Stored data
────────

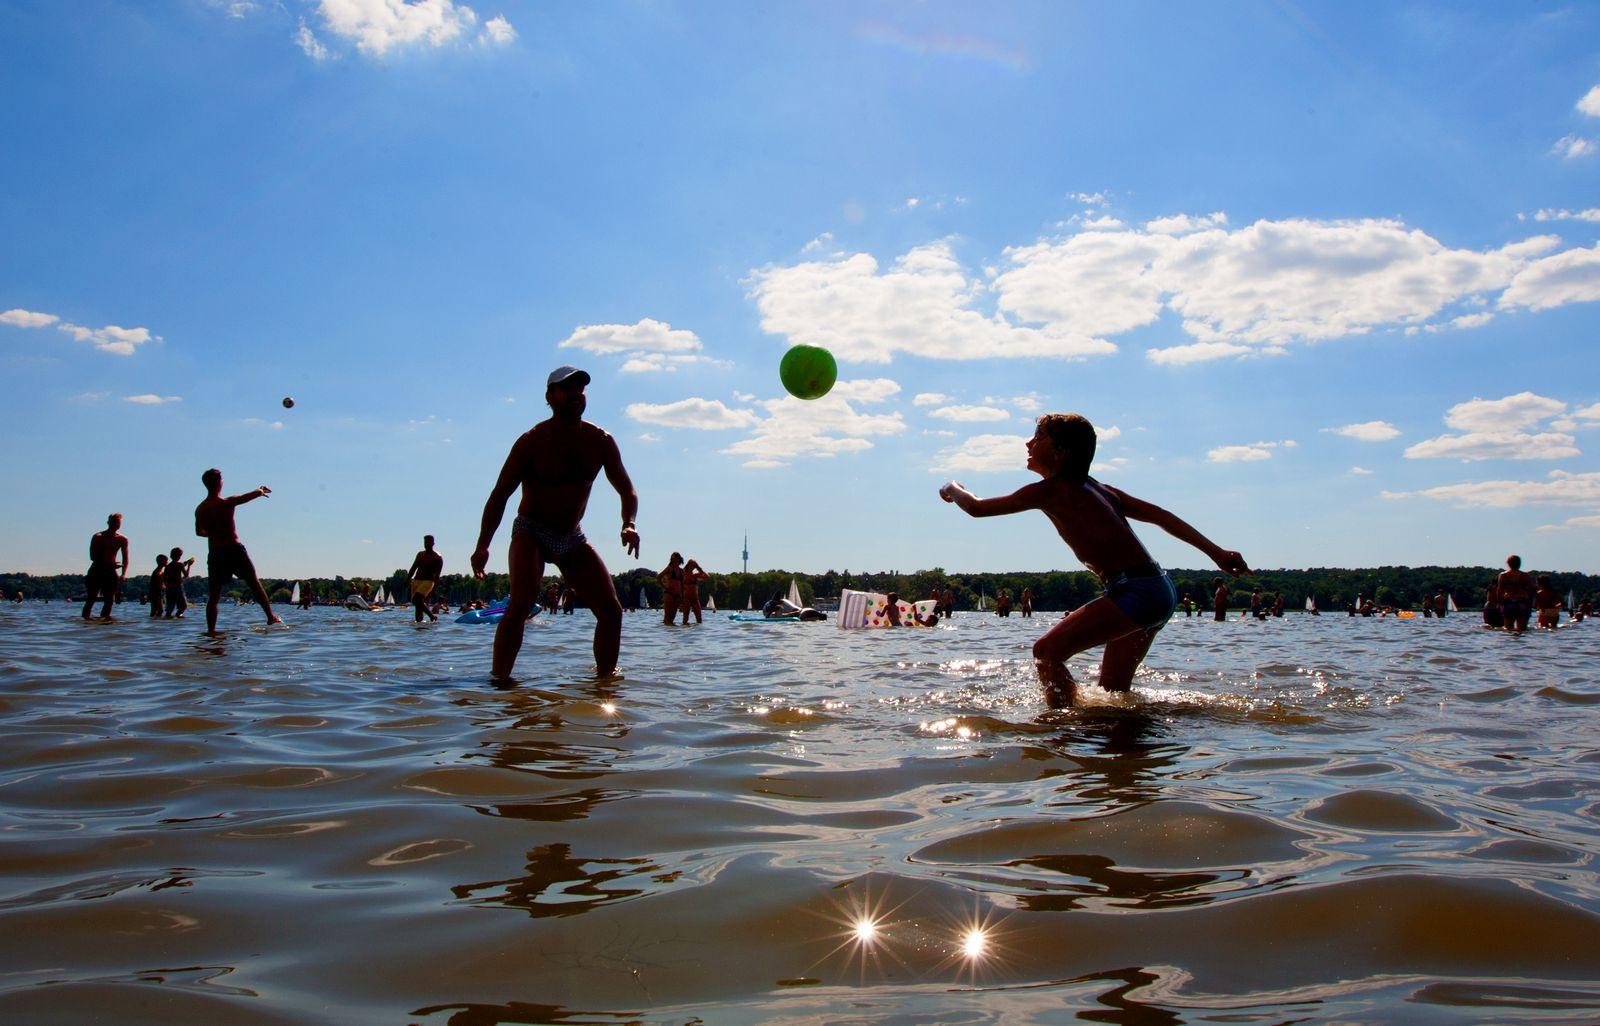 Am Wannsee / Urlaub / Familienurlaub
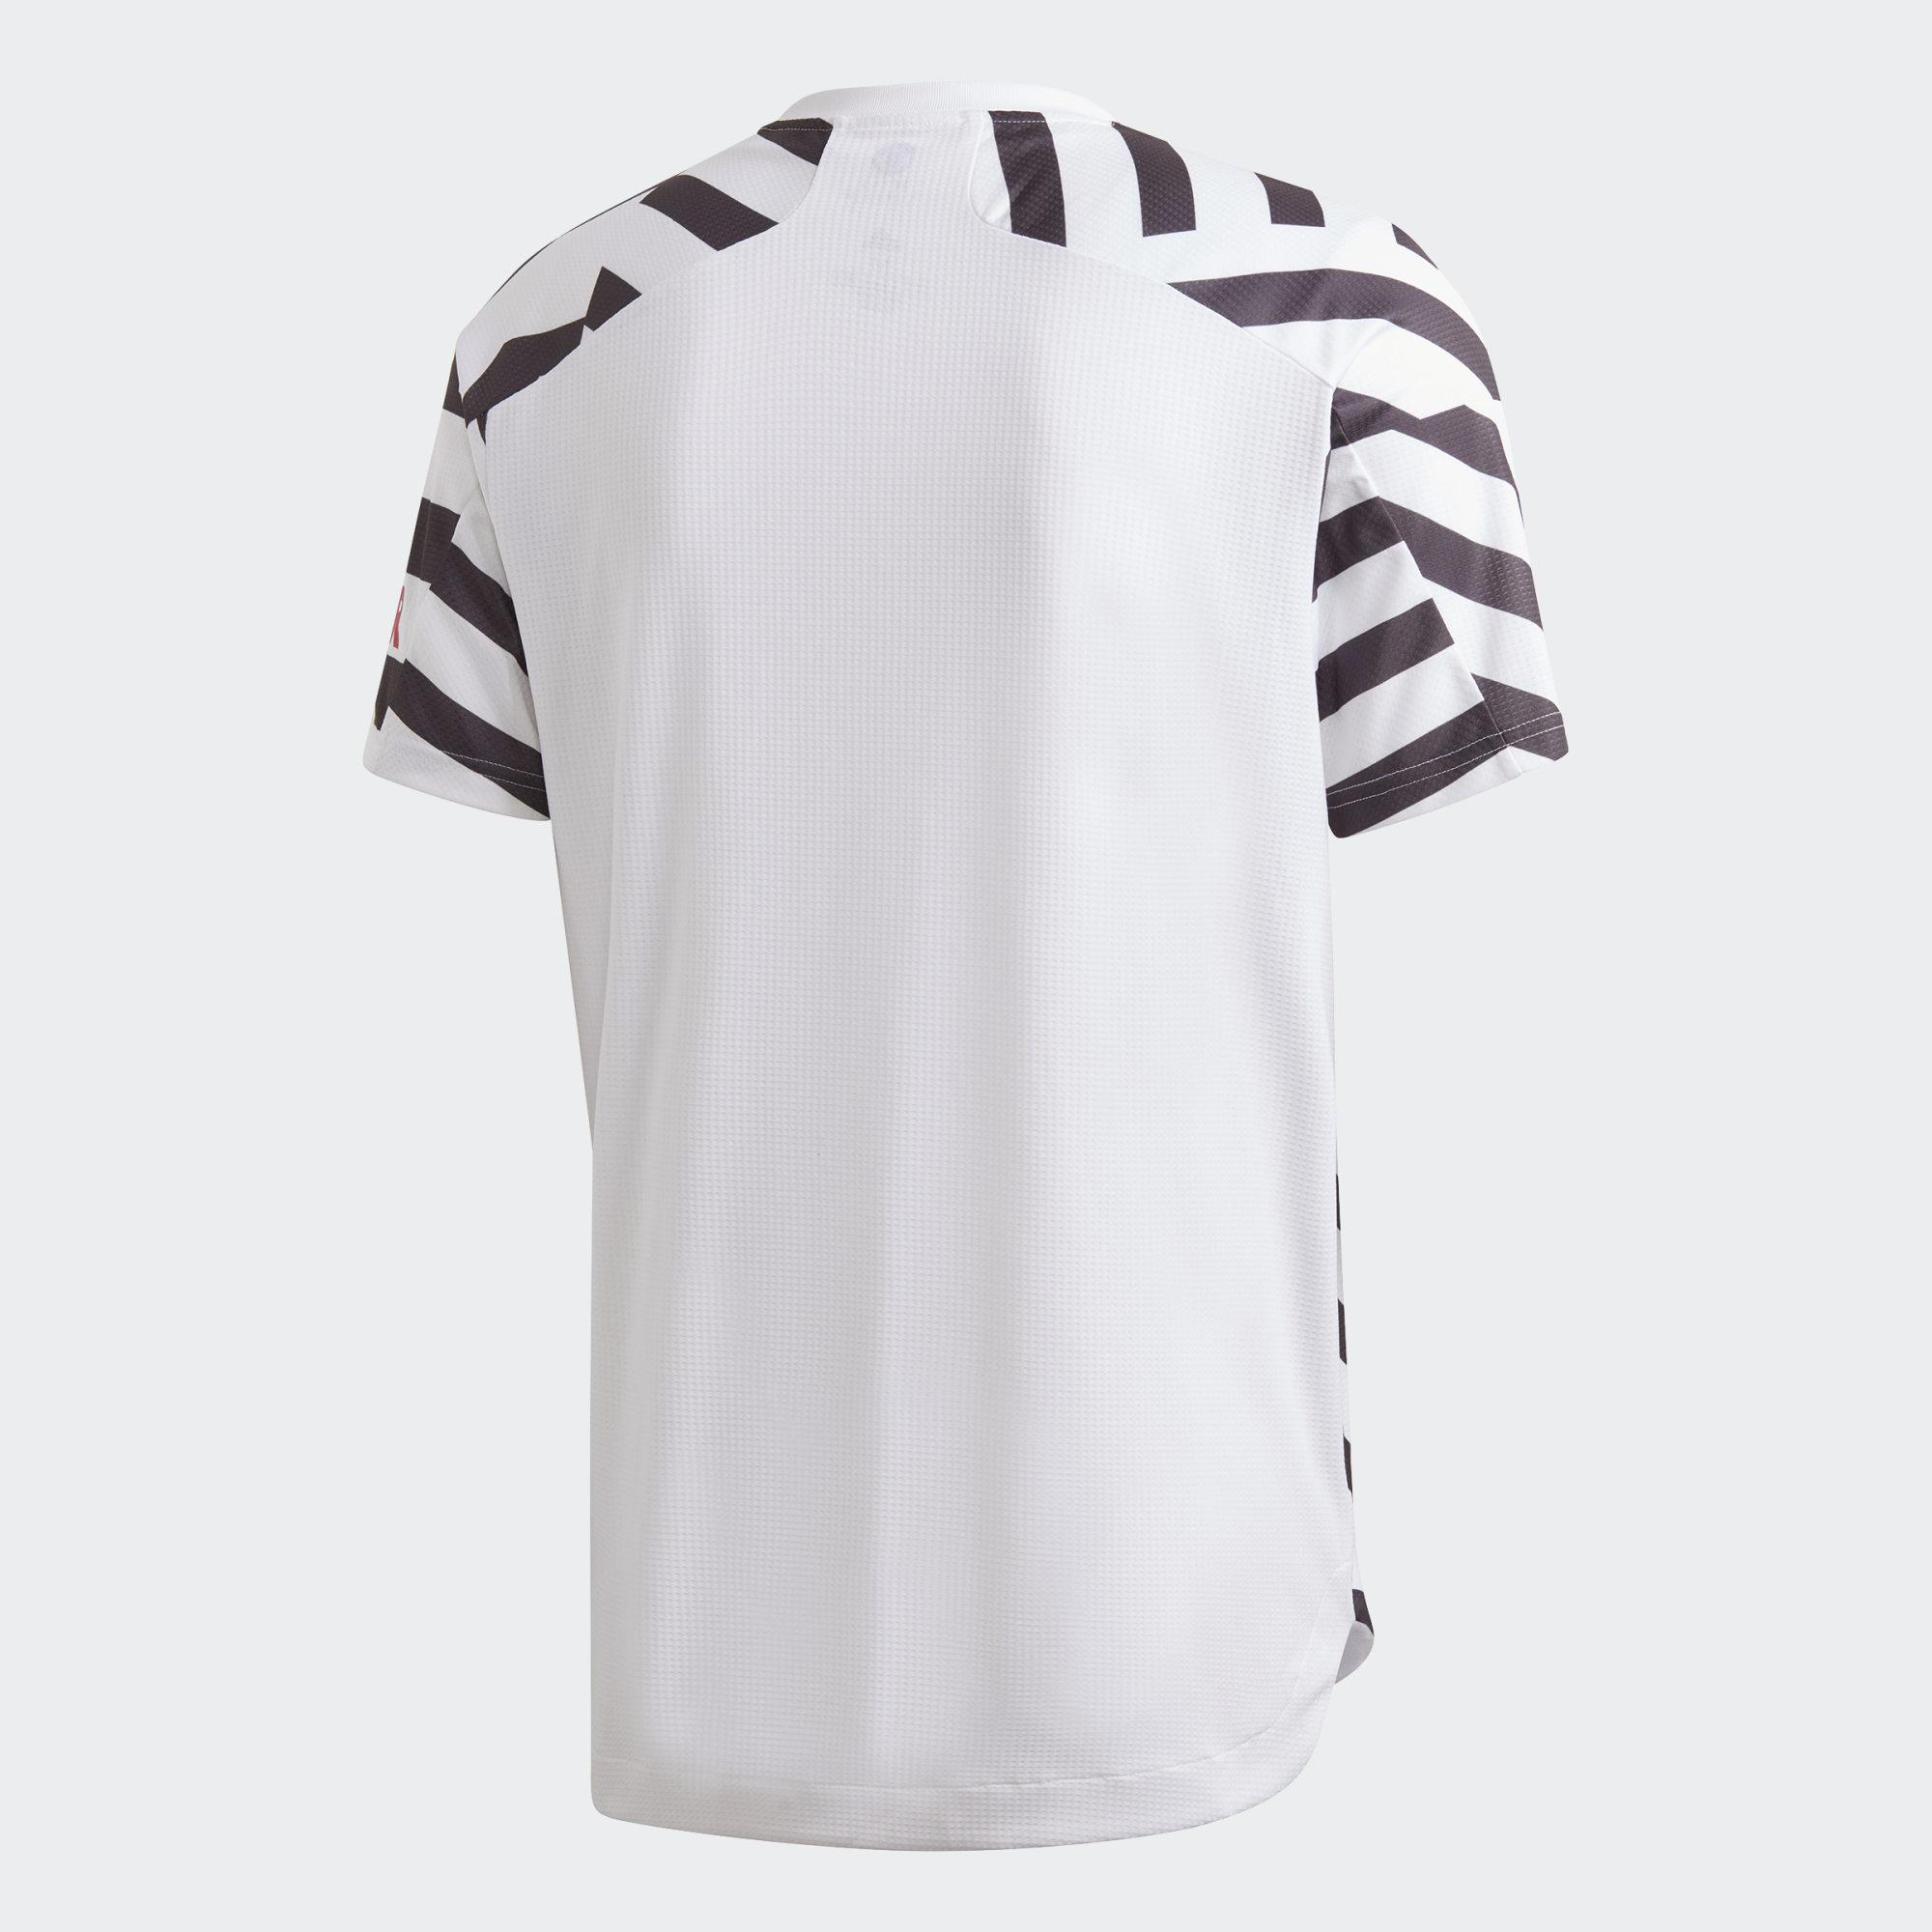 manchester united 2020 21 adidas third kit 20 21 kits football shirt blog manchester united 2020 21 adidas third
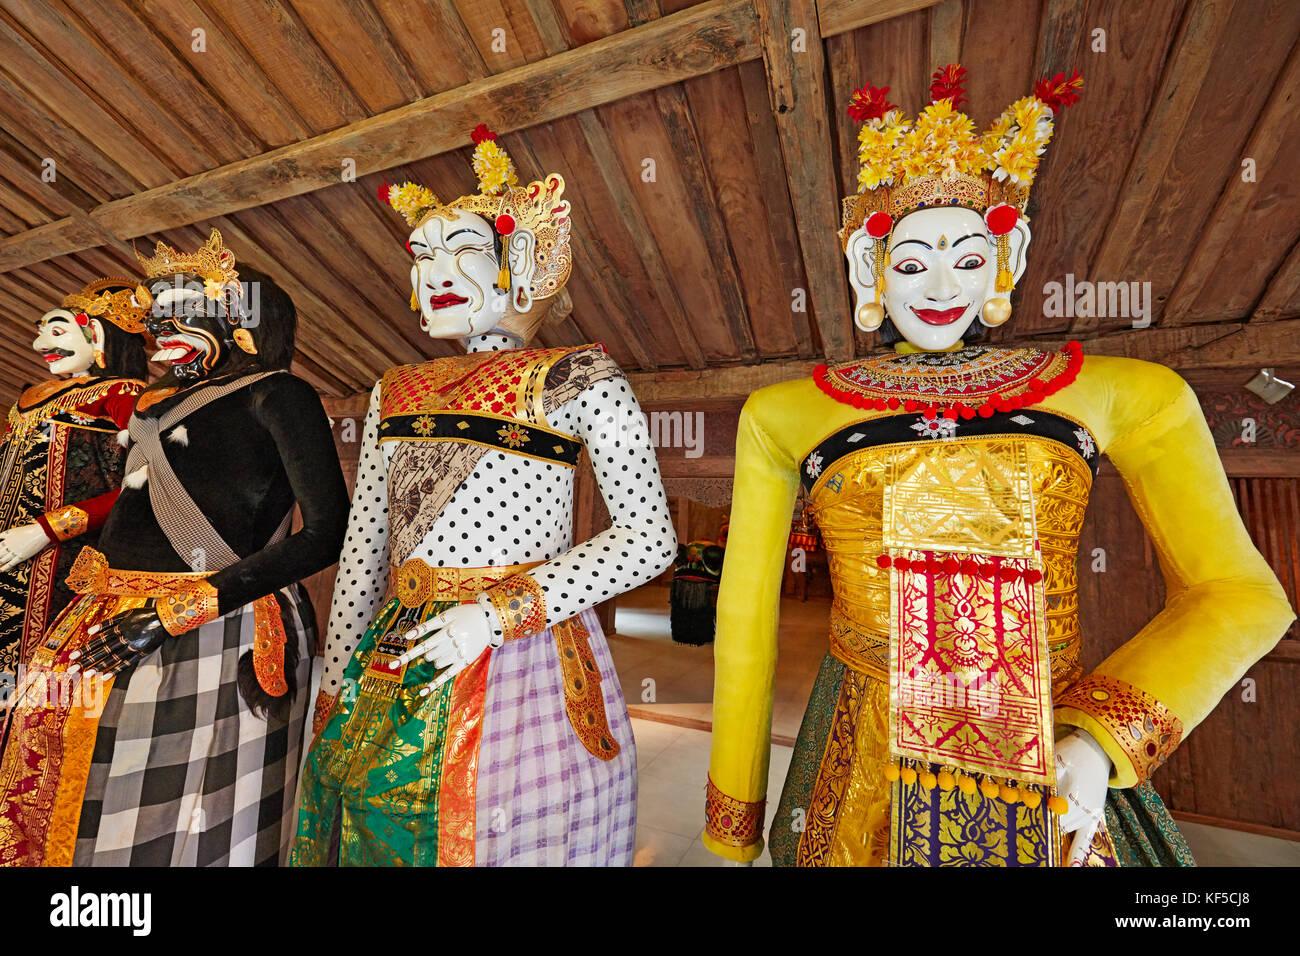 Barong landung, marionnettes traditionnelles balinaises. setia darma house de masques et de marionnettes, mas, Ubud, Photo Stock
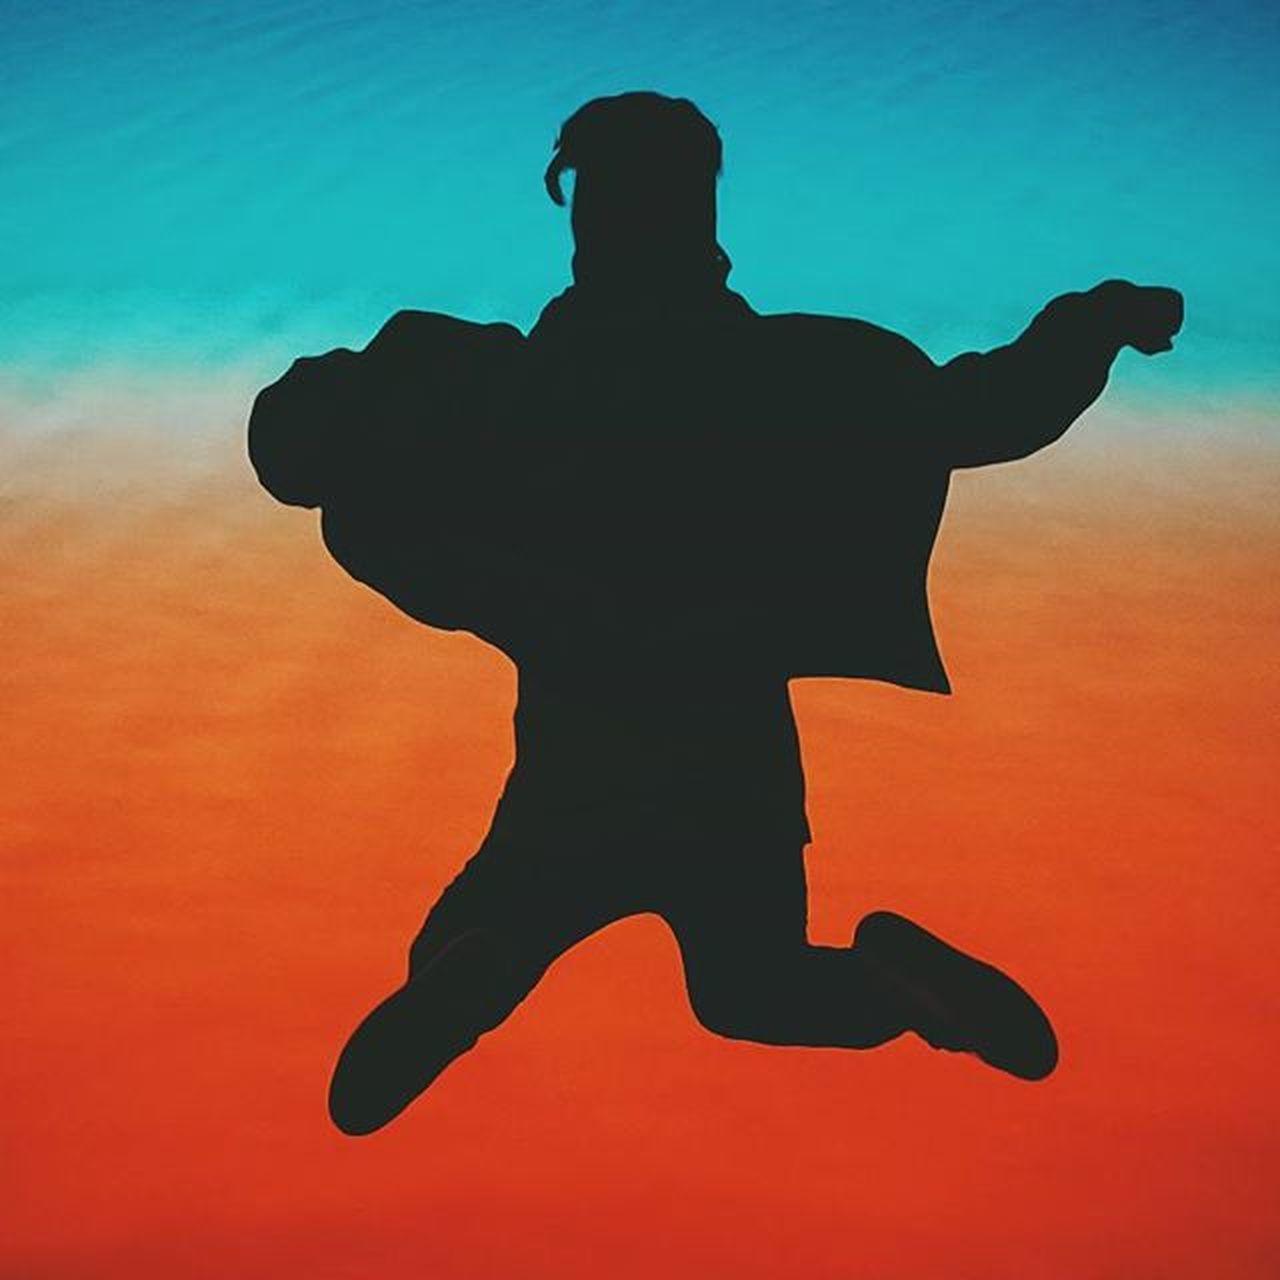 Jumpstagram! Vscocam Jumpstagram Gradient Colorful _soi Peoplescreatives Liveauthentic Livefolk Photooftheday Igers Socality Indiaclicks Igersworldwide Wearevsco Vscolife Vscogang Vscouser Vscodailydose Vscocamonly VSCO Vscogallery Vscocollections Vscomood Vscobest

────────

Retype each line of the listing above word for word. Exclude the pictures.

Response
 Am Wannsee / Urlaub / Familienurlaub
 manchester united 2020 21 adidas third kit 20 21 kits football shirt blog manchester united 2020 21 adidas third
 Barong landung, marionnettes traditionnelles balinaises. setia darma house de masques et de marionnettes, mas, Ubud, Photo Stock
 Jumpstagram! Vscocam Jumpstagram Gradient Colorful _soi Peoplescreatives Liveauthentic Livefolk Photooftheday Igers Socality Indiaclicks Igersworldwide Wearevsco Vscolife Vscogang Vscouser Vscodailydose Vscocamonly VSCO Vscogallery Vscocollections Vscomood Vscobest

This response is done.